8ddf6e94c68d5b67e9446dca267e5459During World War II she used her fame to advantage as she was able to travel Europe performing and passed on vital news to the French Resistance in invisible ink on her sheet music.

In addition to being a celebrity superstar, Josephine Baker was also a spy!

When Adolf Hitler and the German army invaded France during World War II, Baker joined the fight against the Nazi regime. She aided French military officials by passing on secrets she heard while performing in front of the enemy.

When Baker would travel Europe while touring, she obviously had to carry large quantities of sheet music with her. What customs officials never realized, though, was that a lot of this music actually had secret messages written on it in invisible ink.

Fawning immigration officials never thought to take too close a look at the diva’s luggage, so she could sneak all sorts of things in and out of countries. On some occasions, Baker would smuggle secret photos of German military installations out of enemy territory by pinning them to her underwear.
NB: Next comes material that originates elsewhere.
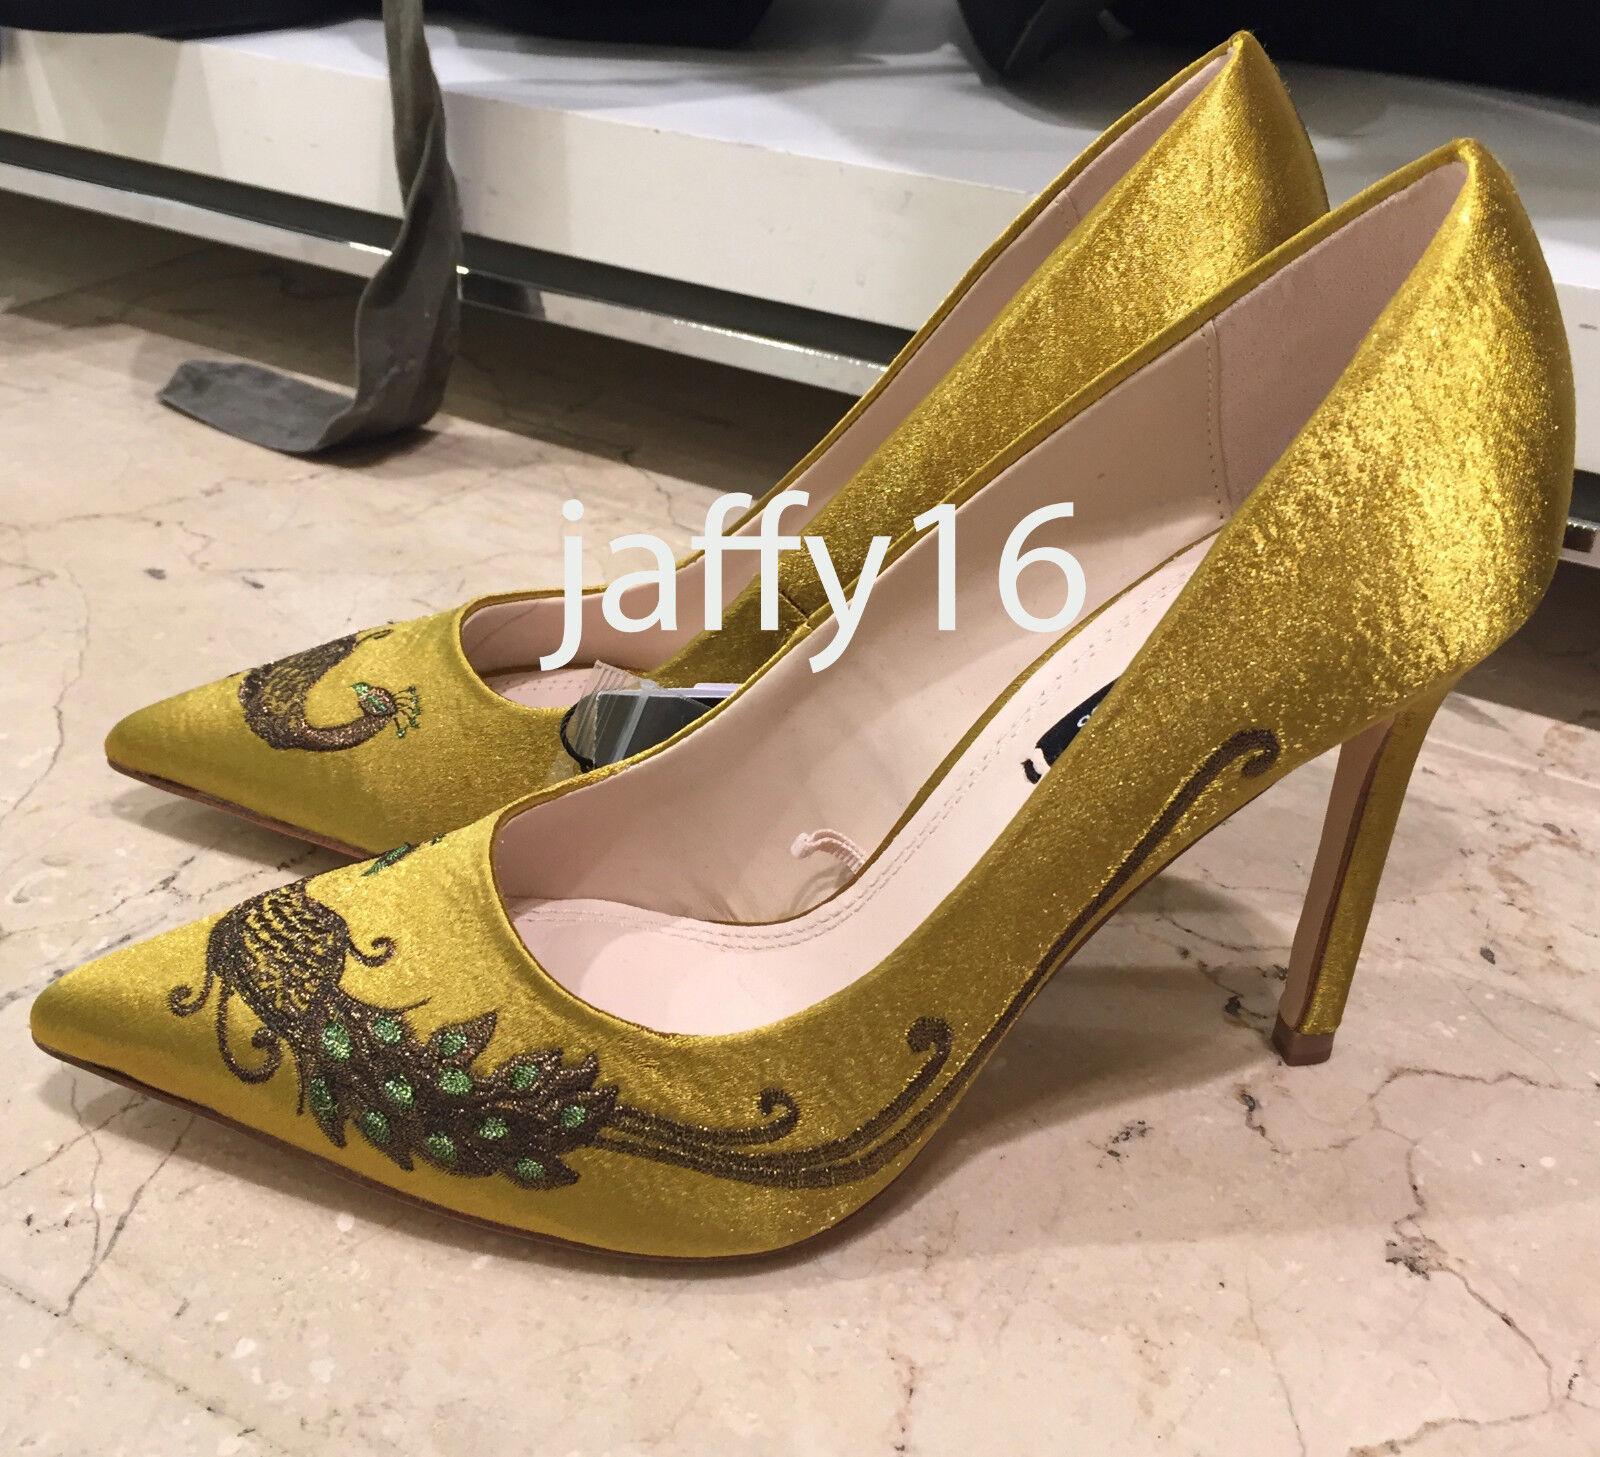 ZARA SATIN COURT Schuhe WITH EMBROIDEROT BEADING YELLOW 35-42 REF. 6216/201
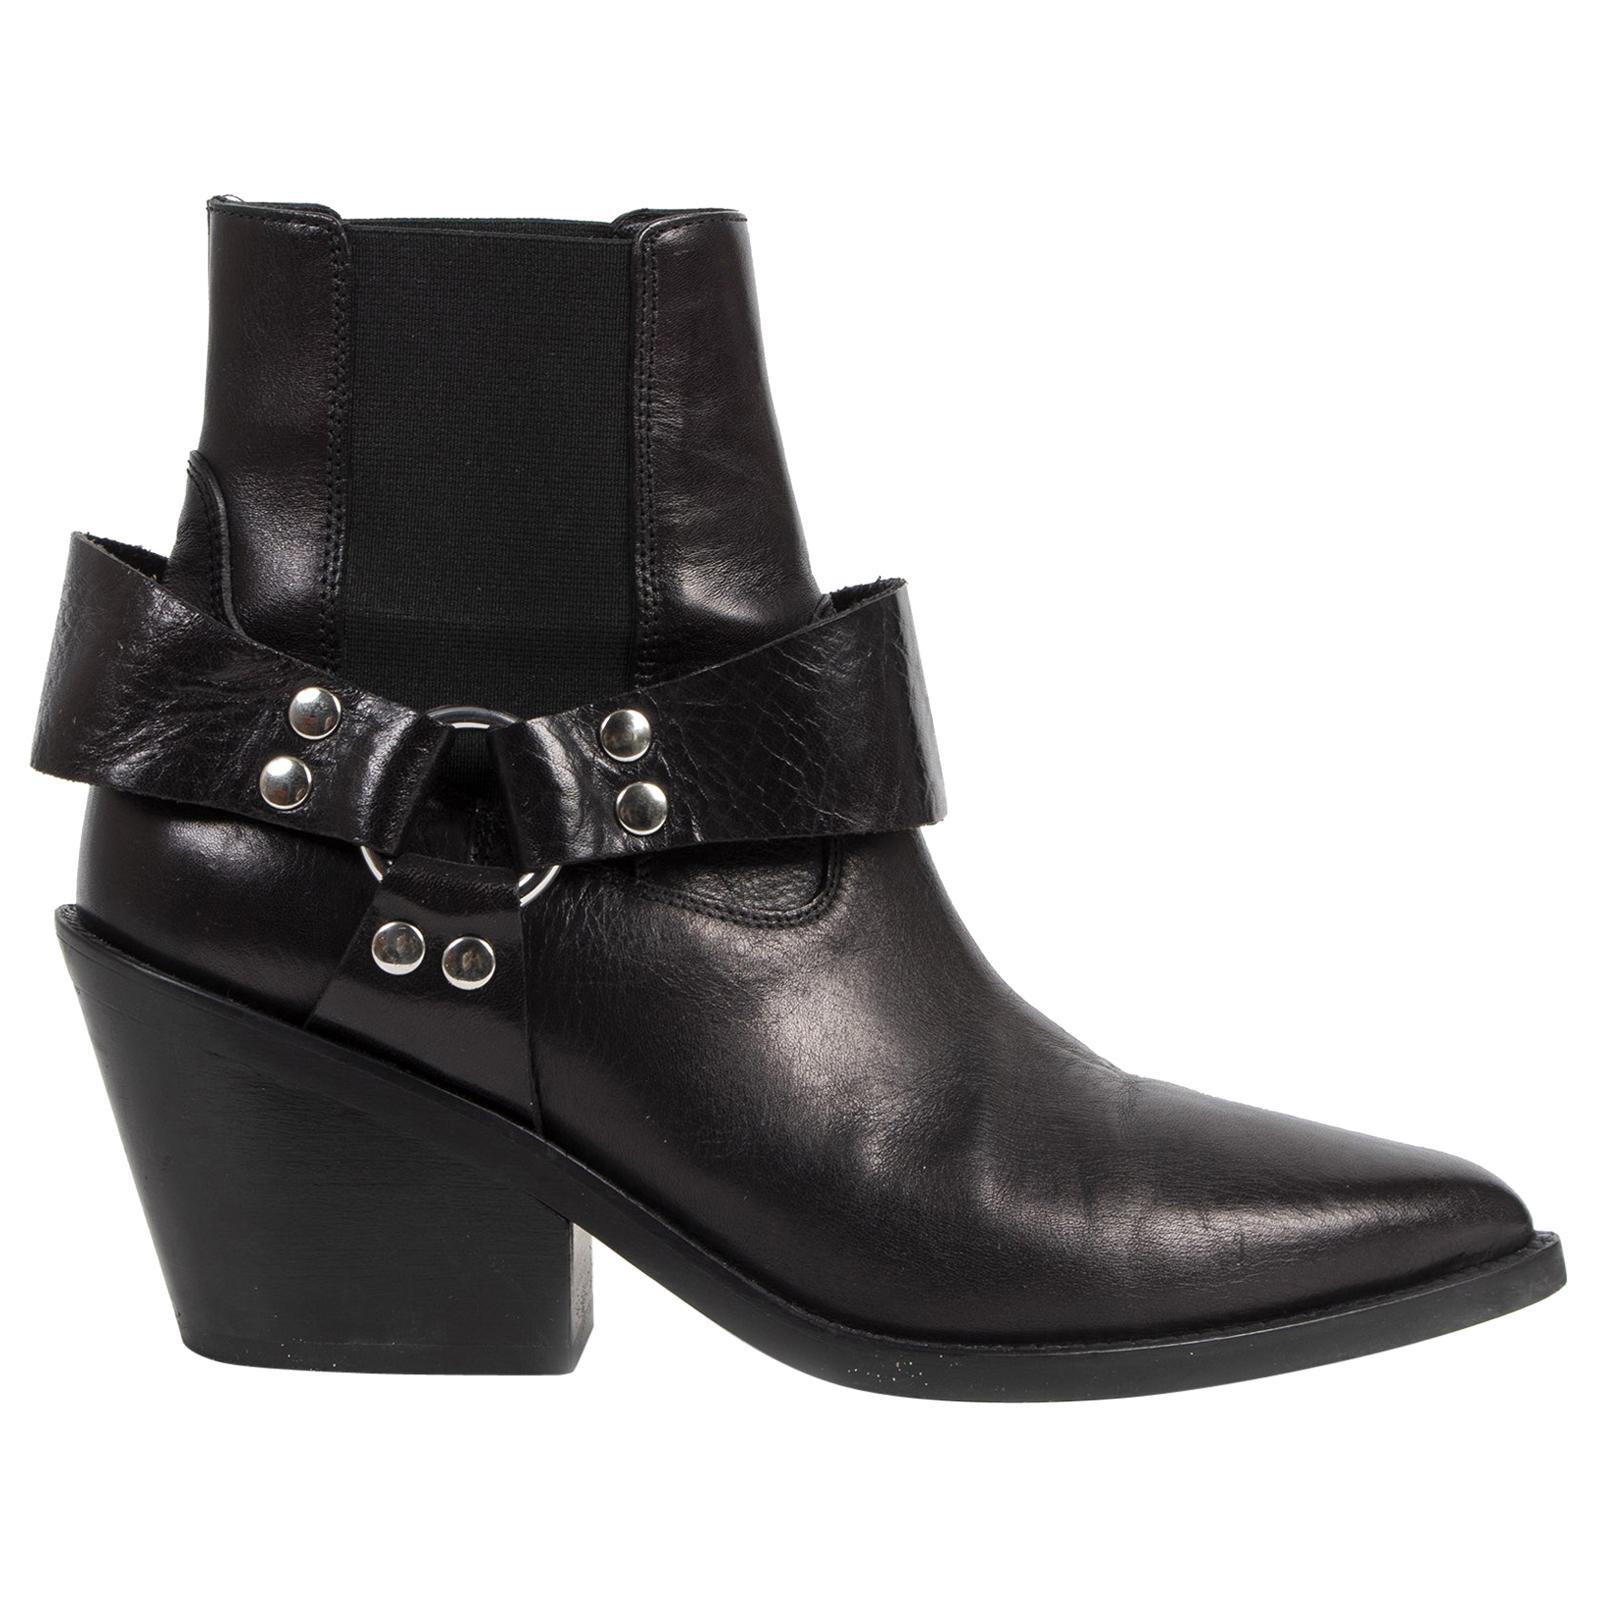 Maison Margiela Black Leather Ankle Boots - Size 38

This invaluable intelligence work eventually helped Baker rise to the rank of lieutenant in the Free French Air Force, and when the war was over she received both the Croix de Guerre (a first for an American woman) and the Medal of the Resistance in 1946.

After many years of performing in Paris, Baker returned to the United States.

Her return home forced Baker to confront segregation and discrimination that she had not experienced since she was a child in St. Louis. She often refused to perform to segregated audiences, which usually forced club owners to integrate for her shows.

Her opposition against segregation and discrimination was recognized by the National Association for the Advancement of Colored People (NAACP).

In 1963, she was one of the few women allowed to speak at the March on Washington for Jobs and Freedom. Her speech detailed her life as a black woman in the United States and abroad:

“You know, friends, that I do not lie to you when I tell you I have walked into the palaces of kings and queens and into the houses of presidents. And much more. But I could not walk into a hotel in America and get a cup of coffee, and that made me mad.”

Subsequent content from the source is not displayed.